Committee on Appropriations: 
United States Senate: 

In April 2003, the Small Business Administration (SBA) obtained a loan 
monitoring service from Dun & Bradstreet to help manage and oversee the 
lending and risk management activities of lenders that extend 7(a) and 
504 loans to small businesses. The 7(a) and 504 loan programs, named 
after the sections of the acts that authorized them, are SBA's two 
major business loan guarantee programs.[Footnote 1] As of June 30, 
2009, SBA had an outstanding portfolio of $67.6 billion in 7(a) and 504 
loans. Because SBA guarantees the individual loans that lenders 
originate, it uses the Dun & Bradstreet service, now called the Loan 
and Lender Monitoring System (L/LMS), to monitor the individual risk 
that each loan poses to the agency in order to identify those lenders 
whose SBA loan operations and portfolios may require additional 
monitoring or other actions. In 2004, we reviewed the service and found 
that it was a positive and necessary step in improving SBA's oversight 
of lenders but determined that the agency needed to develop policies 
and procedures to ensure that it used the service in a way that 
resulted in improved oversight of lenders.[Footnote 2] Since we issued 
our report in June 2004, SBA has made progress in developing policies 
for using L/LMS and expanding its use.
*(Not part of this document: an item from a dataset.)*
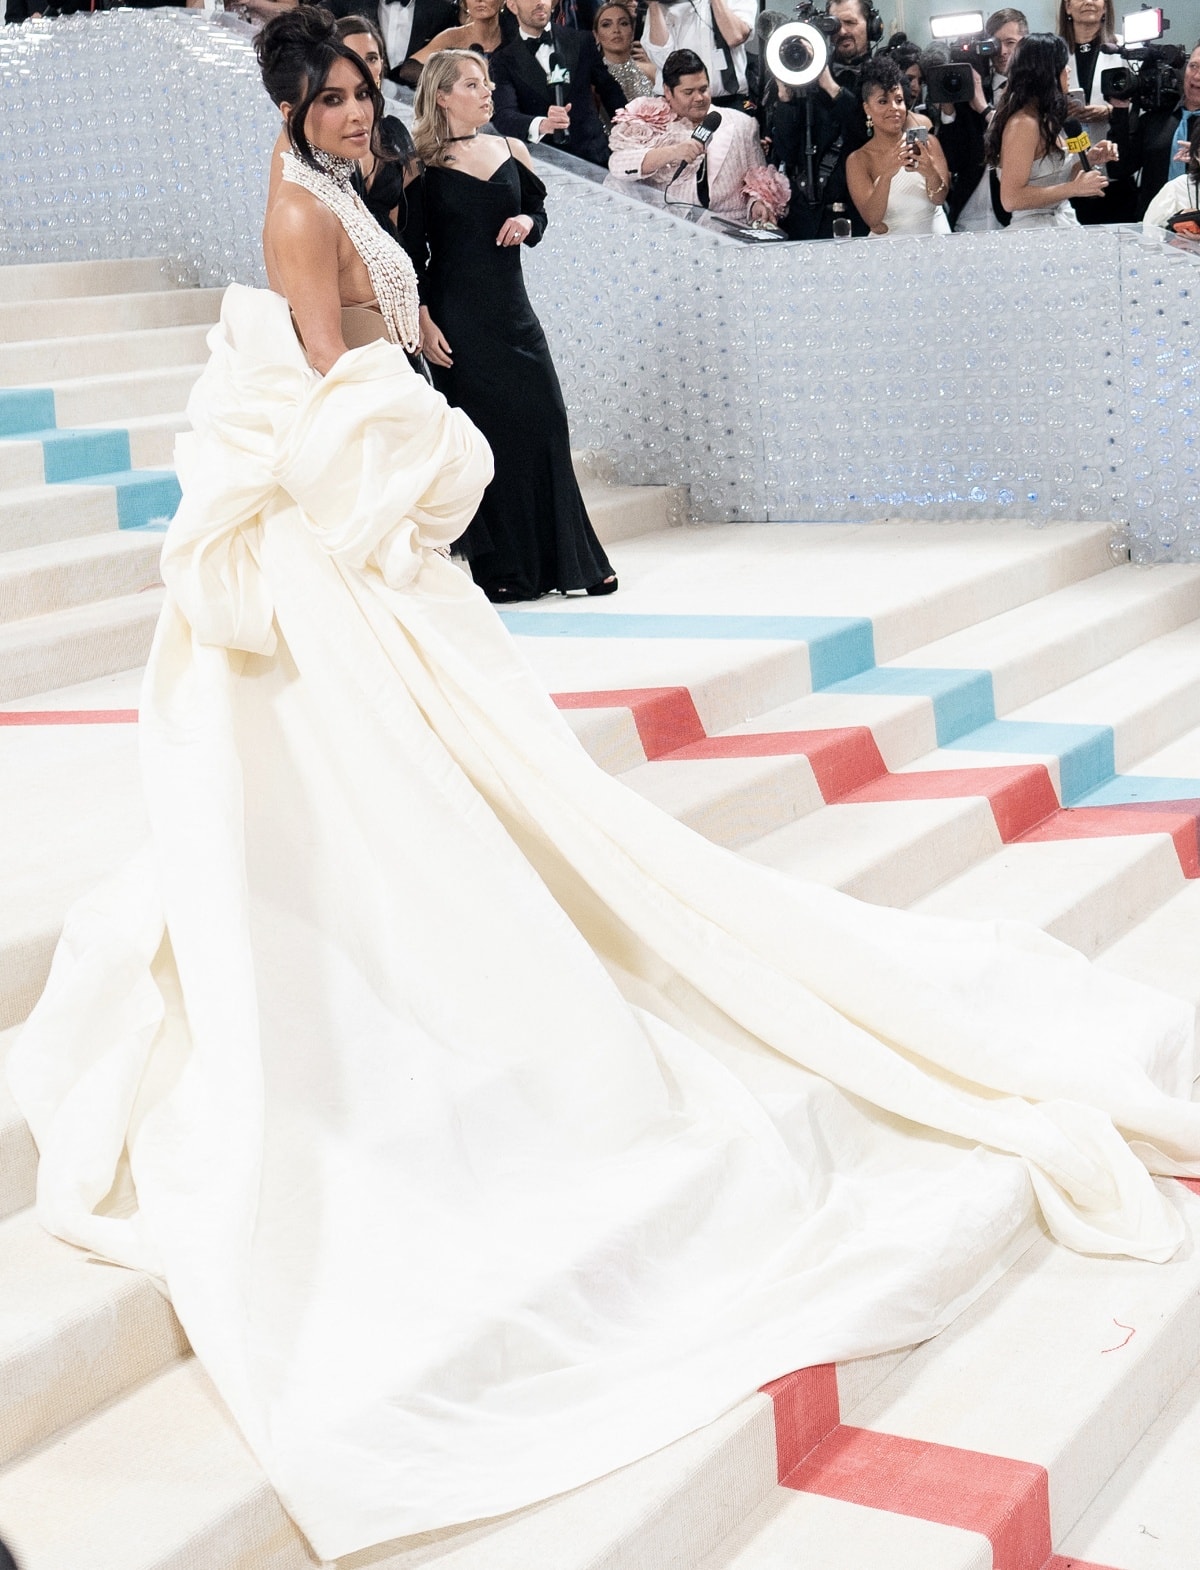 Kim Kardashian wore a custom Schiaparelli Haute Couture look complete with a dramatic white stole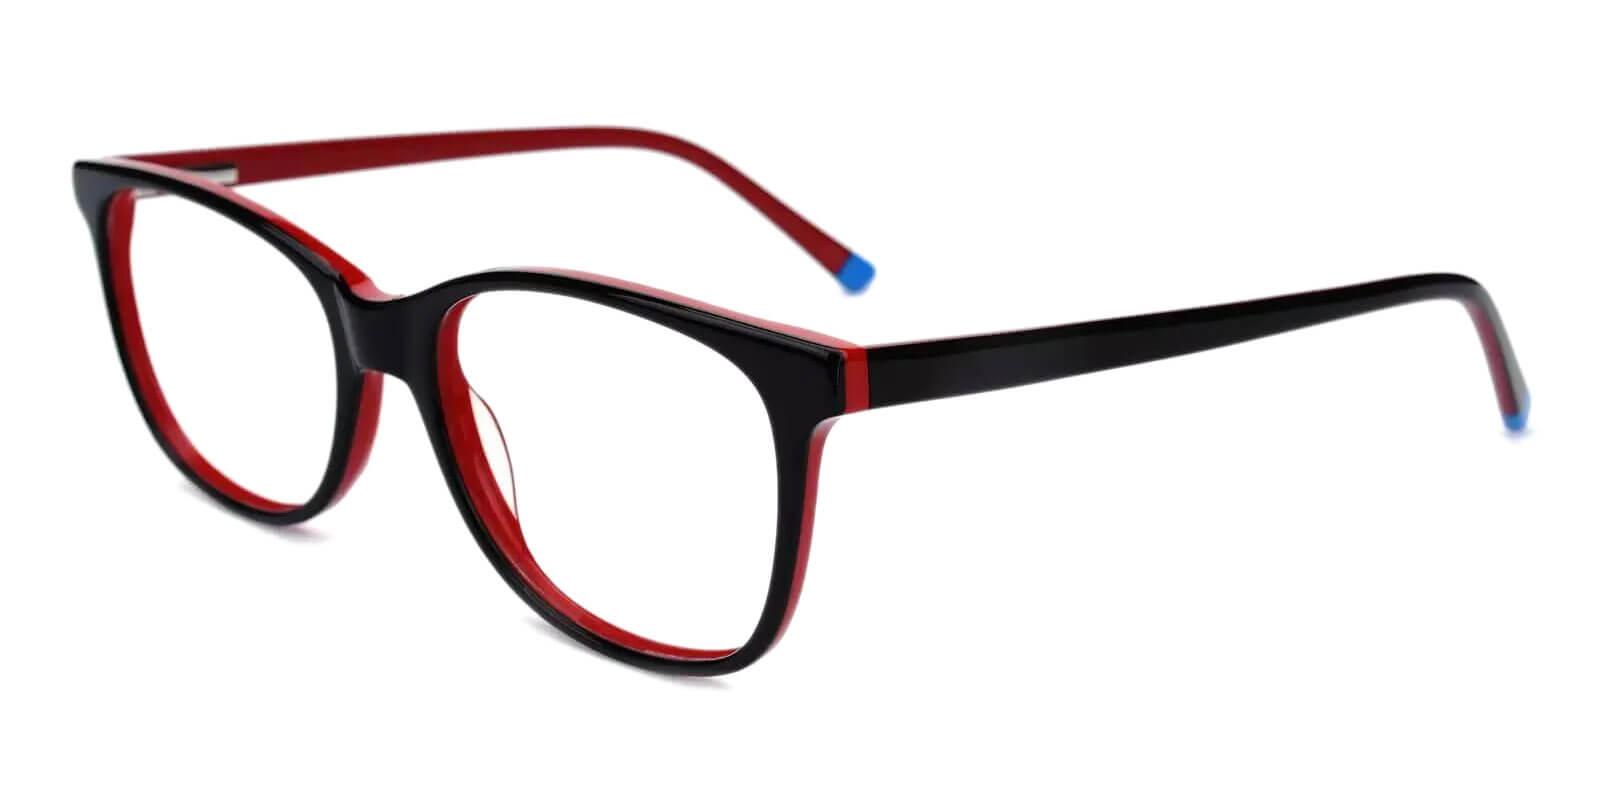 Hibbard Red Acetate Eyeglasses , SpringHinges , UniversalBridgeFit Frames from ABBE Glasses

For example, SBA hired a 
contractor to develop a lender risk rating system (that is, an off-site 
monitoring tool that produces a risk score for each lender) based on L/ 
LMS data. This system enabled SBA for the first time to monitor the 
approximately 4,000 smaller lenders that it had not previously 
reviewed. However, questions have been raised about the extent to which 
SBA has used its lender risk rating system to improve its oversight of 
lenders--for example, to target lenders for on-site review. The SBA 
Inspector General reported in May 2008 that SBA had been unable to 
sufficiently mitigate the risk posed by lenders that it had identified 
as high risk and that SBA's 7(a) program had incurred a cumulative net 
loss for four lenders of $329 million as of September 2007.[Footnote 3] 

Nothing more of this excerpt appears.